### THE PROBLEM
Print every line below exactly. Skip the pictures.
*** GIVEN MATERIAL Section Begins ***
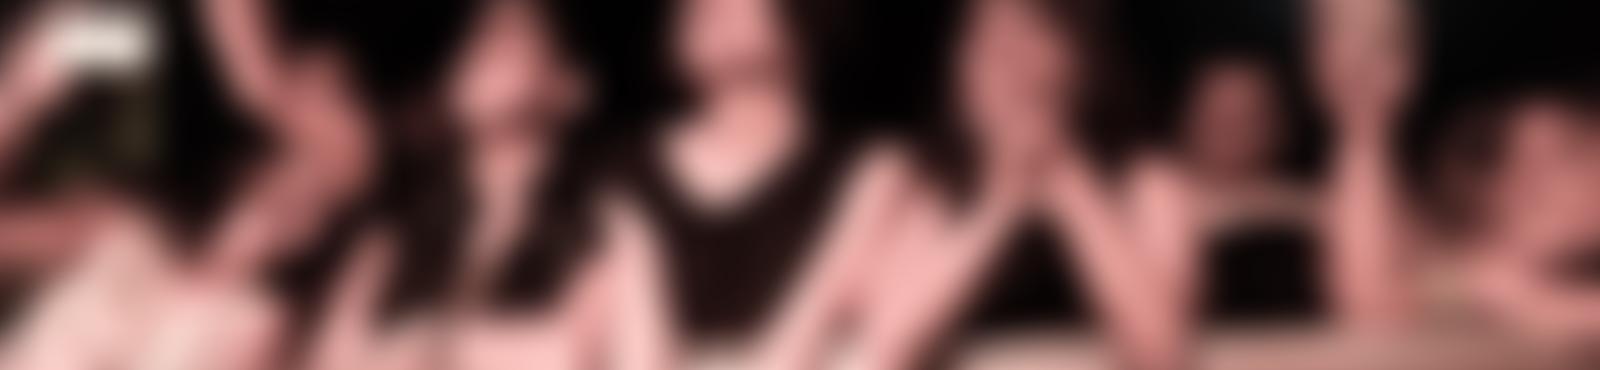 Blurred 02820623 91d6 4f9c a2f1 82ebfcadfcf6
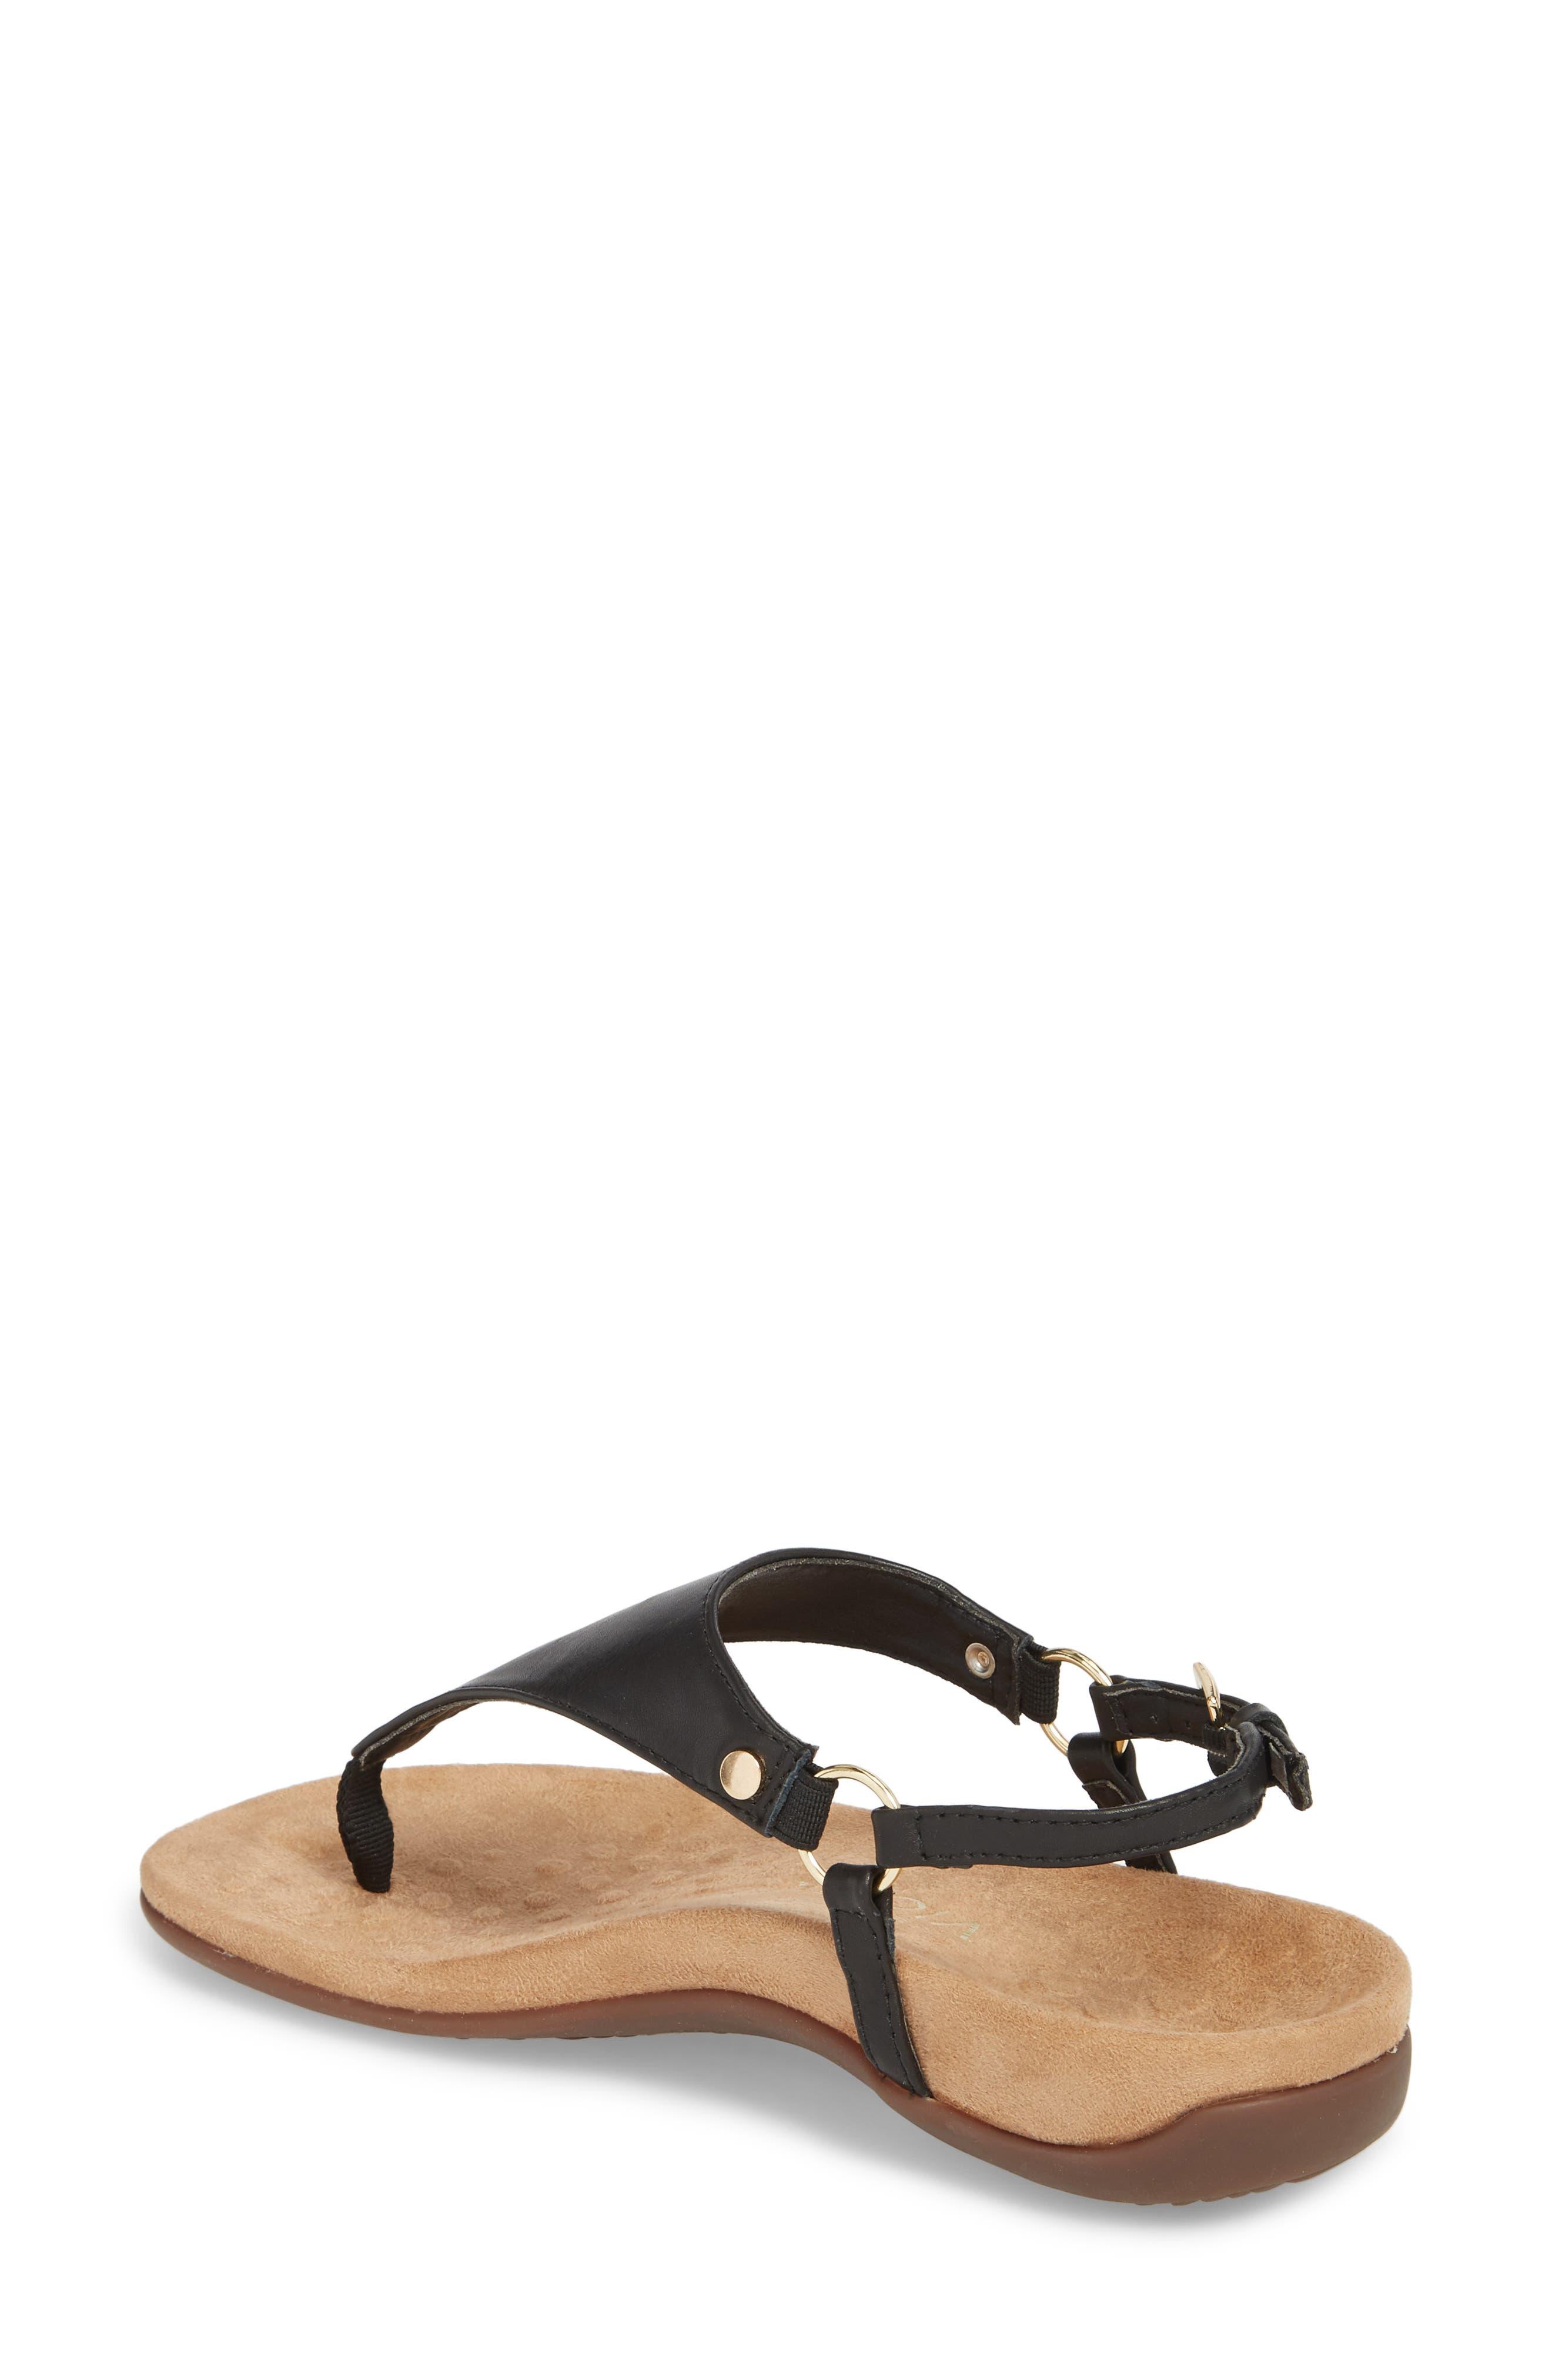 Kirra Orthaheel<sup>®</sup> Sandal,                             Alternate thumbnail 2, color,                             Black Leather
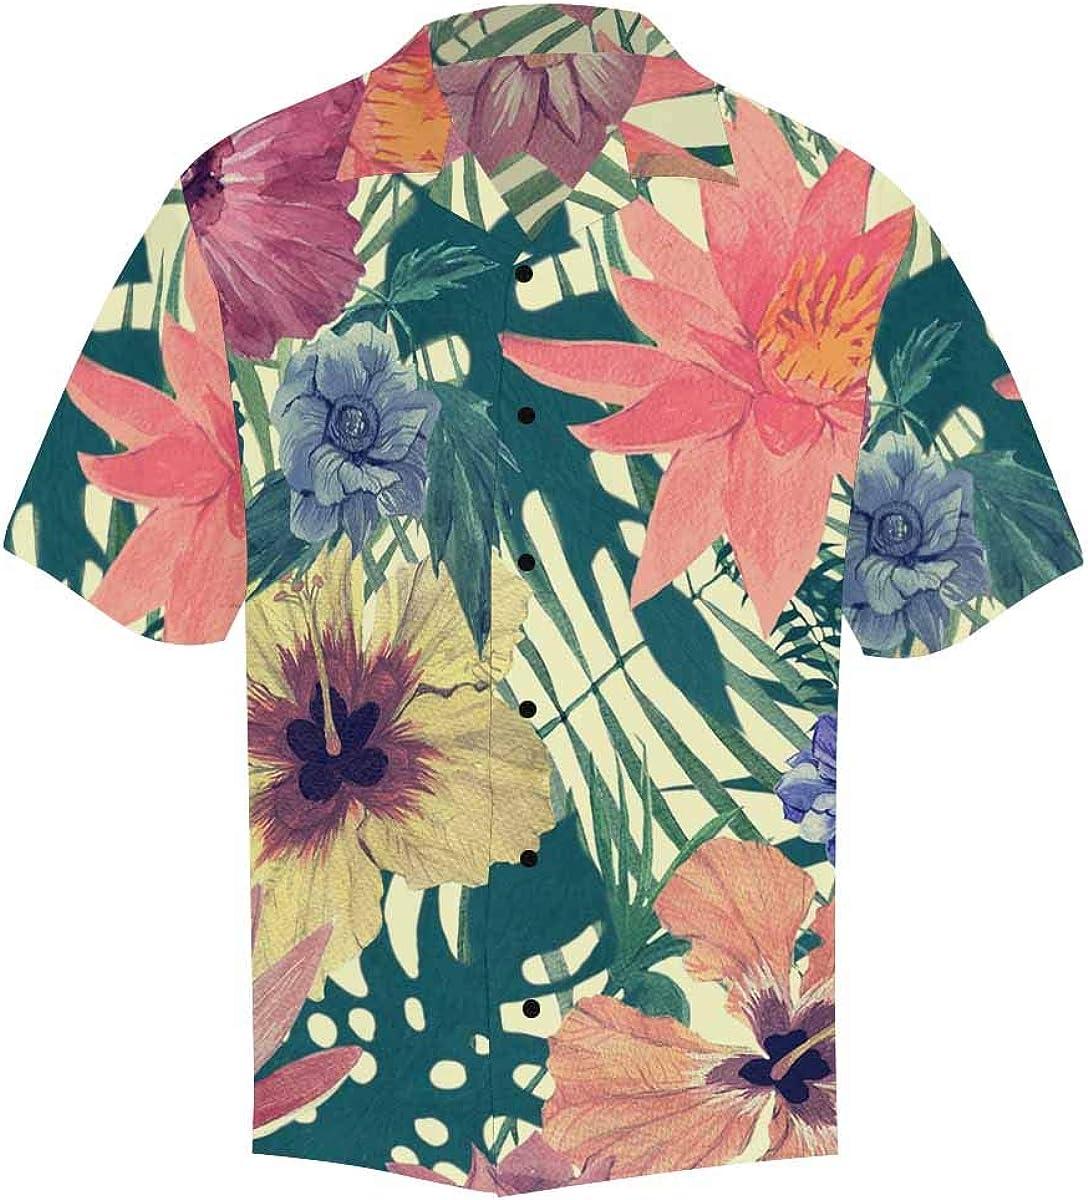 InterestPrint Men's Casual Button Down Short Sleeve Vintage Tropical Floral Hawaiian Shirt (S-5XL)
*** GIVEN MATERIAL Section Ends ***
### RESULT BELOW
 Blurred 02820623 91d6 4f9c a2f1 82ebfcadfcf6
 Kirra Orthaheel<sup>®</sup> Sandal,                             Alternate thumbnail 2, color,                             Black Leather
 InterestPrint Men's Casual Button Down Short Sleeve Vintage Tropical Floral Hawaiian Shirt (S-5XL)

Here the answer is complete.